Multidrug-Resistant Gram-Negative Bacteria Decolonization in Immunocompromised Patients: A Focus on Fecal Microbiota Transplantation.

机构信息

Infectious Disease Unit, Fondazione IRCCS Ca' Granda Ospedale Maggiore Policlinico, 20122 Milan, Italy.

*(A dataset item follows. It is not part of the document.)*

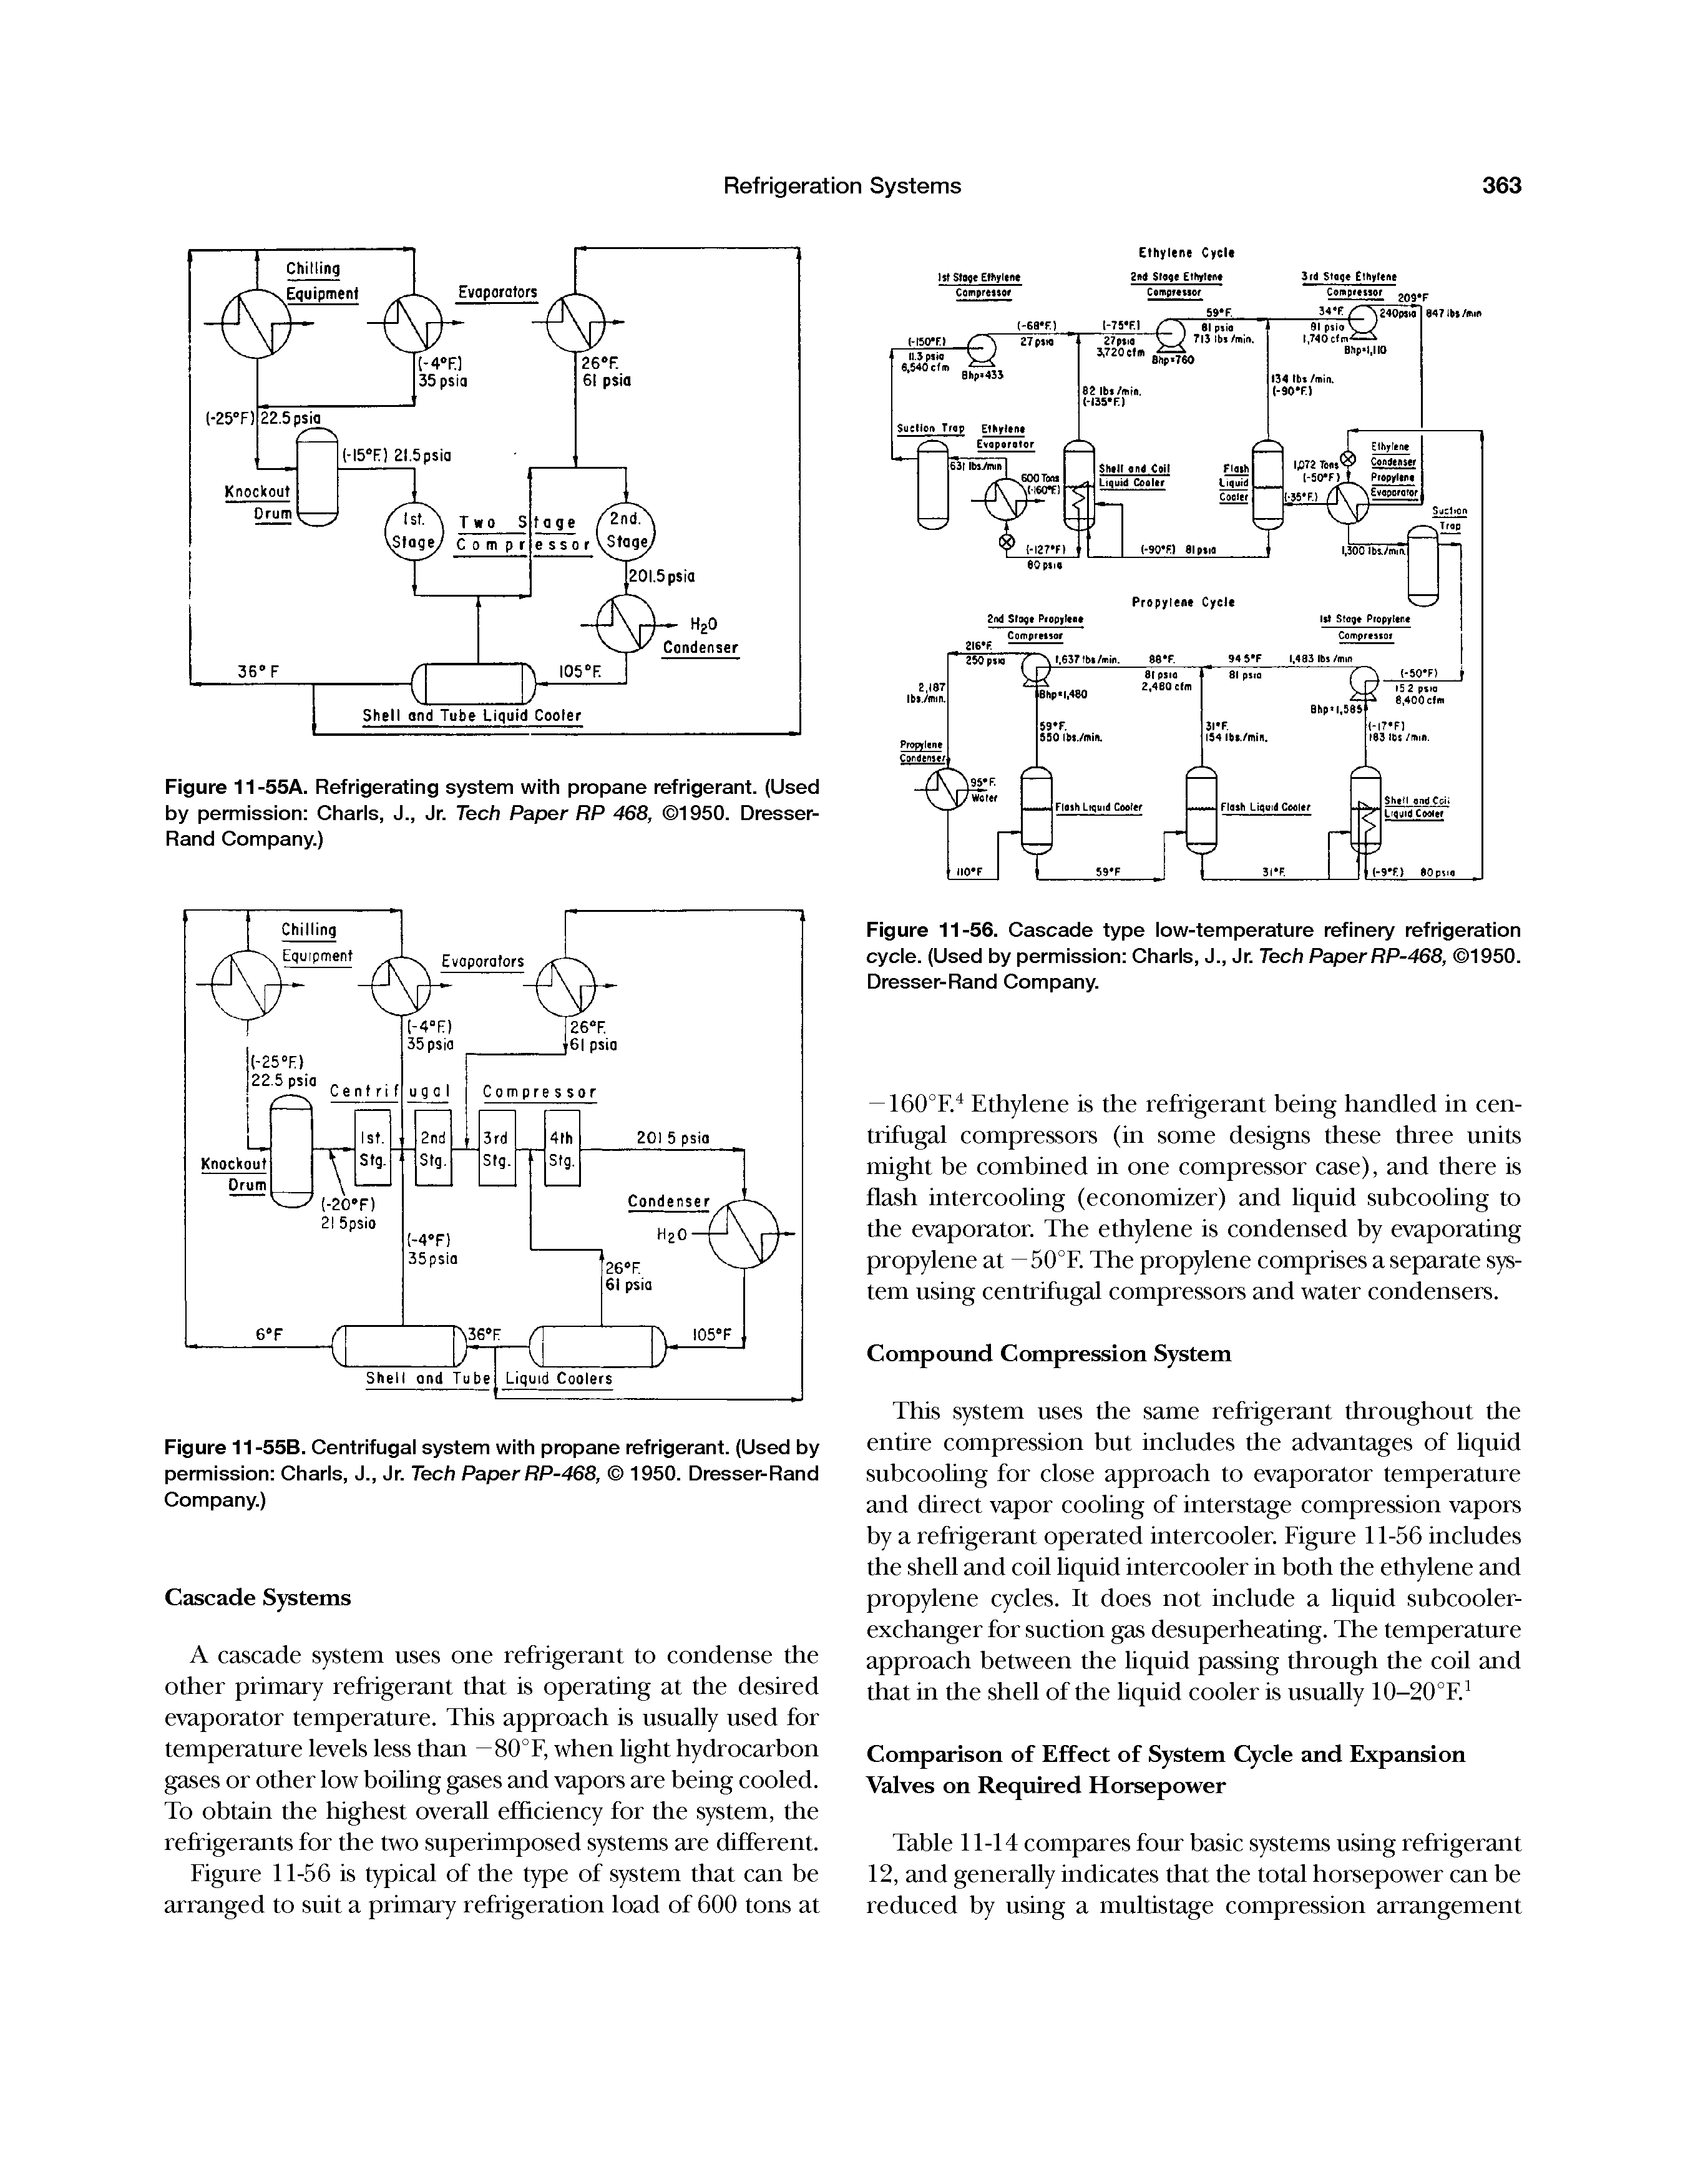 Figure 11-55A. Refrigerating system with propane refrigerant. (Used by permission Chads, J., Jr. Tech Paper RP 468, 1950. Dresser-Rand Company.)...

Department of Pathophysiology and Transplantation, University of Milan, 20122 Milan, Italy.

出版信息

Int J Mol Sci. 2020 Aug 5;21(16):5619. doi: 10.3390/ijms21165619.

DOI:10.3390/ijms21165619
PMID:32764526
原文链接:https://pmc.ncbi.nlm.nih.gov/articles/PMC7460658/
Abstract

Antimicrobial resistance is an important issue for global health; in immunocompromised patients, such as solid organ and hematological transplant recipients, it poses an even bigger threat. Colonization by multidrug-resistant (MDR) bacteria was acknowledged as a strong risk factor to subsequent infections, especially in individuals with a compromised immune system. A growing pile of studies has linked the imbalance caused by the dominance of certain taxa populating the gut, also known as intestinal microbiota dysbiosis, to an increased risk of MDR bacteria colonization. Several attempts were proposed to modulate the gut microbiota. Particularly, fecal microbiota transplantation (FMT) was successfully applied to treat conditions like infection and other diseases linked to gut microbiota dysbiosis. In this review we aimed to provide a look at the data gathered so far on FMT, focusing on its possible role in treating MDR colonization in the setting of immunocompromised patients and analyzing its efficacy and safety.

摘要

抗微生物药物耐药性是全球健康的一个重要问题;在免疫功能低下的患者中,如实体器官和血液系统移植受者,它构成了更大的威胁。耐多药(MDR)细菌的定植被认为是随后感染的一个强烈危险因素,特别是在免疫系统受损的个体中。越来越多的研究将肠道中某些占据主导地位的分类群(也称为肠道微生物失调)引起的失衡与 MDR 细菌定植的风险增加联系起来。已经提出了几种调节肠道微生物群的方法。特别是,粪便微生物群移植(FMT)已成功应用于治疗感染和其他与肠道微生物失调相关的疾病。在这篇综述中,我们旨在提供迄今为止关于 FMT 的研究数据,重点关注其在治疗免疫功能低下患者中 MDR 定植方面的可能作用,并分析其疗效和安全性。